If the solution to a problem does not reveal itself straight away then why not let your initial guesswork evolve? That’s the approach we’ve taken in trying to determine the mass of our galaxy by mapping the historic movement of two nearby galaxies.
Many of the 200 billion stars in our galaxy, known as the Milky Way, can be seen in a narrow band stretching across the night sky.
The southern night sky throws up more surprises, in the form of two indistinct, fuzzy blobs. Larger than the full moon, and often seen overhead, these are two galaxies in their own right, known as the Large and Small Clouds of Magellan.
But these Magellanic Clouds are caught in the gravitational grip of our much larger Milky Way, pulling them in their orbit. They are also attracted to each other, performing a dance about one another as they circle the Milky Way.
Seen through radio eyes, the Magellanic Clouds are no longer distinct but are sheathed in gas, joined by a prominent bridge of gas and have an extensive stream of gas following them in their orbit.
But how much of this rich structure is formed by their dance, and how much is the Milky Way playing a part? At present, this is unclear, but unravelling the complex history of the Clouds and their interaction with the Milky Way will reveal one of the key secrets of our own galaxy: namely, how massive it is.
While we have a rough idea to how much dark matter holds our Milky Way together, it is tricky to tie this down to a precise value. If we can understand the dynamical lives of the Clouds of Magellan, we may be able to do better.
Tracing the orbits of the Clouds
Through a range of techniques we’ve been able to accurately determine the distance to the Clouds is about 160,000 light years.
Through the Doppler effect, we’ve been able to measure the speeds of the two galaxies towards us, but measuring their velocity across the sky has proved much harder. Only in recent years, using the Hubble Space Telescope, have astronomers been able to measure the almost imperceptible shift in stars as the Clouds move in their orbits.
We know that both Clouds are moving with the gravitational pull of the Milky Way, and they are also attracted to each other.

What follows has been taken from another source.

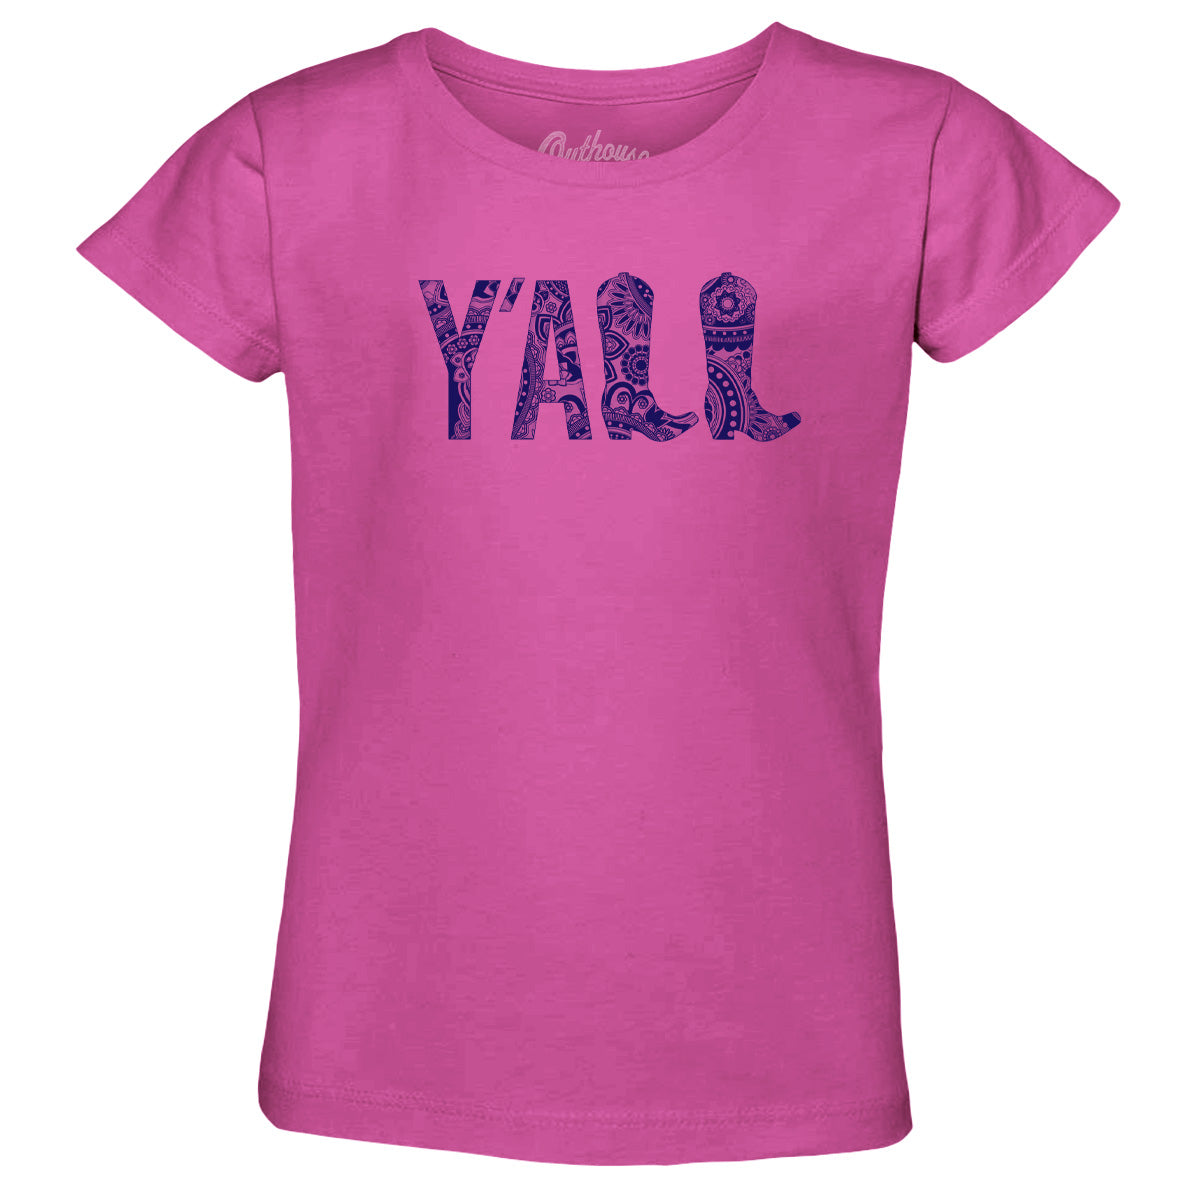 Y'all Youth Tee

So all we need to do is use the gravitational and dynamical equations by Isaac Newton and integrate these equations of motion back in time to tell us where the Clouds have come from.
It might not be so simple
The size of a gravitational pull depends on the mass creating it but we are unsure of the actual mass of the Milky Way. Our estimates of the masses of the Large and Small Magellanic Clouds are also uncertain.

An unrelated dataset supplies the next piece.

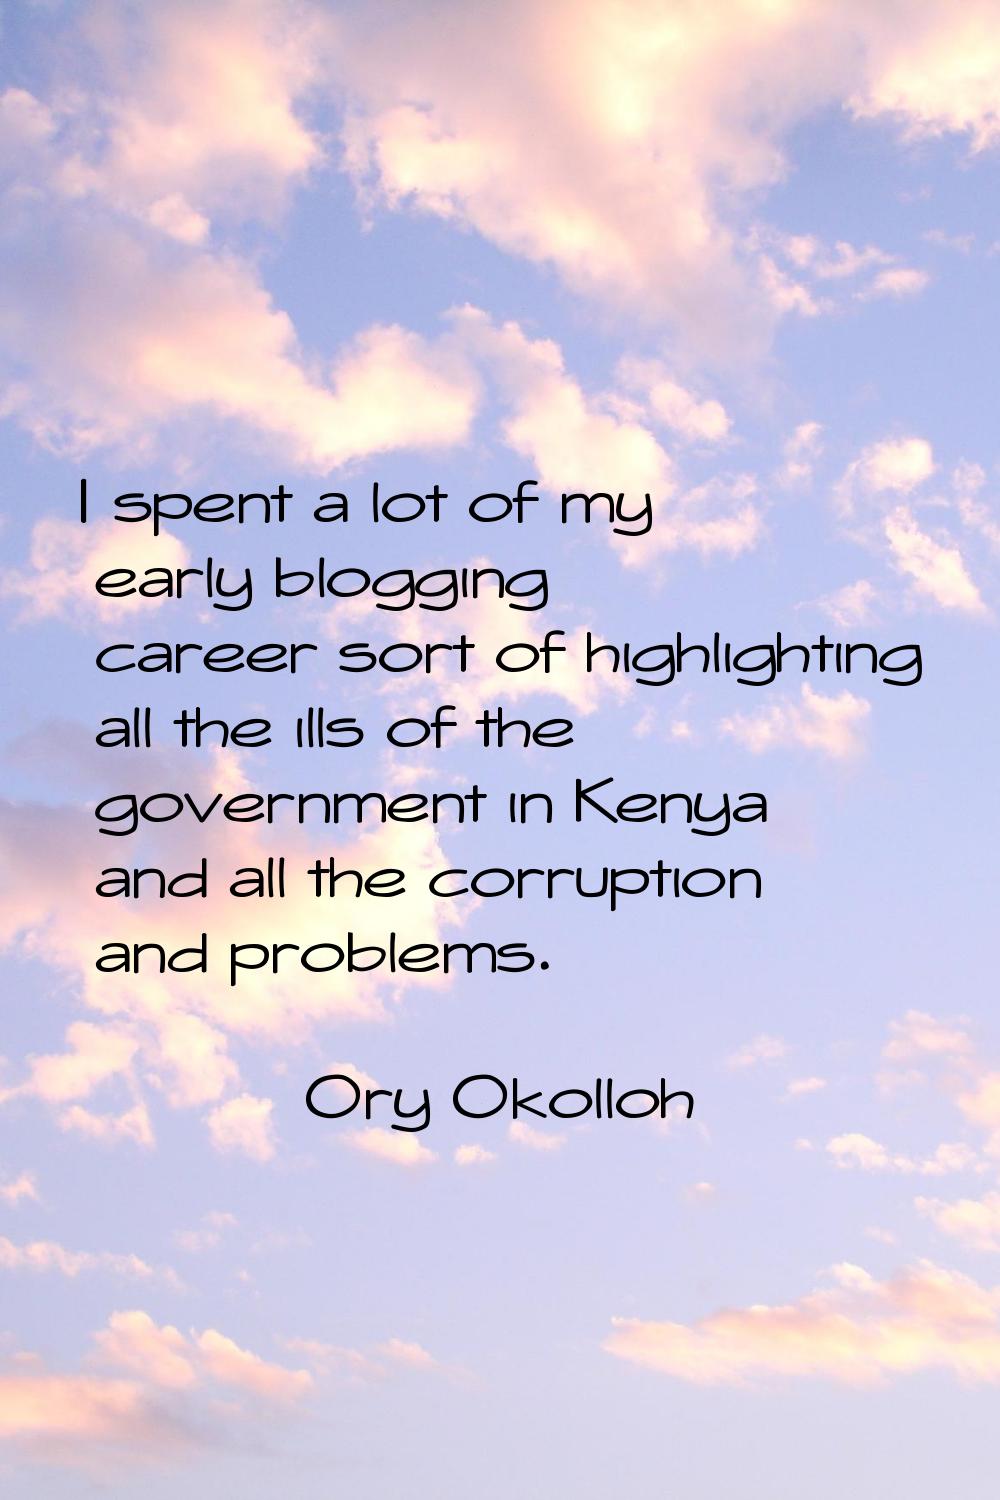 I spent a lot of my early blogging career sort of highlighting all the ills of the government in Ke

How do we know what the correct masses actually are? If we choose the wrong ones, then the orbits we find, while they may be pretty, they will have very little to do with reality.
Let’s complicate things a little bit more. In science all measurements come with an uncertainty, and that tricky measurement of the motion across the sky with the Hubble Space Telescope comes with a non-negligible uncertainty. Again, if we pick the wrong value, then what we get will have little to do with reality.
So, what’s the solution? The solution is to try all plausible values of the positions, the velocities and the masses, and use rules derived from the genetics of evolution to breed the best solution.
Nature knows best
Evolution lives by Charles Darwin’s creed “Survival of the fittest” so that with a population of individuals, inhabiting a certain environment, only those that are strong enough, or best suited to the living conditions, can survive.
These survival skills are encoded in their genes and are passed onto the next generation. Every so often, a random mutation changes the skill set, and fitter individuals can be added to a population.
So we can use a process known as genetic algorithms to mimic this evolutionary process.
Each unknown value is encoded into a gene, with the expression of this gene, the phenotype, representing a realisation of a model. Each realisation will fit the data to a lesser or greater degree, and so we can take a scythe to the population, killing off the weaker ones and allowing the stronger ones to breed (that is, exchange chunks of their genes).
Throw in a random mutation here or there, by changing a value in a gene, and what you find is that subsequent generations of the population contain individuals that better and better fit the data.
Genetic algorithms have proved to be remarkably robust in optimising, finding excellent solutions when there are many variables to consider. This includes mimicking the evolution of animal movement, designing complex structures and machinery, and even stock trading.
For the problem of the Magellanic Clouds, we had to define what we mean by “better”. Clearly, the Clouds should end up where we see then today, and be moving at the right speeds, but we also include extra observational evidence of their past interactions, especially bursts of star formation which can occur when two galaxies crash together.
The fittest survivor
With the genetic approach, we considered many thousands of the uncountable number of potential orbits of the Magellanic Clouds, breeding and mutating our populations to get the fittest. But how fit is the fittest?
Our best orbit accurately reproduces our observations, in terms of positions, velocities, previous star bursts and the location of the extensive gaseous stream.
And the mass of the Milky Way? We’ve measured it at about 1,000 billion times the mass of our sun to an accuracy of 20%, and find it to be lighter than previous measurements that have tried to use the Clouds orbits.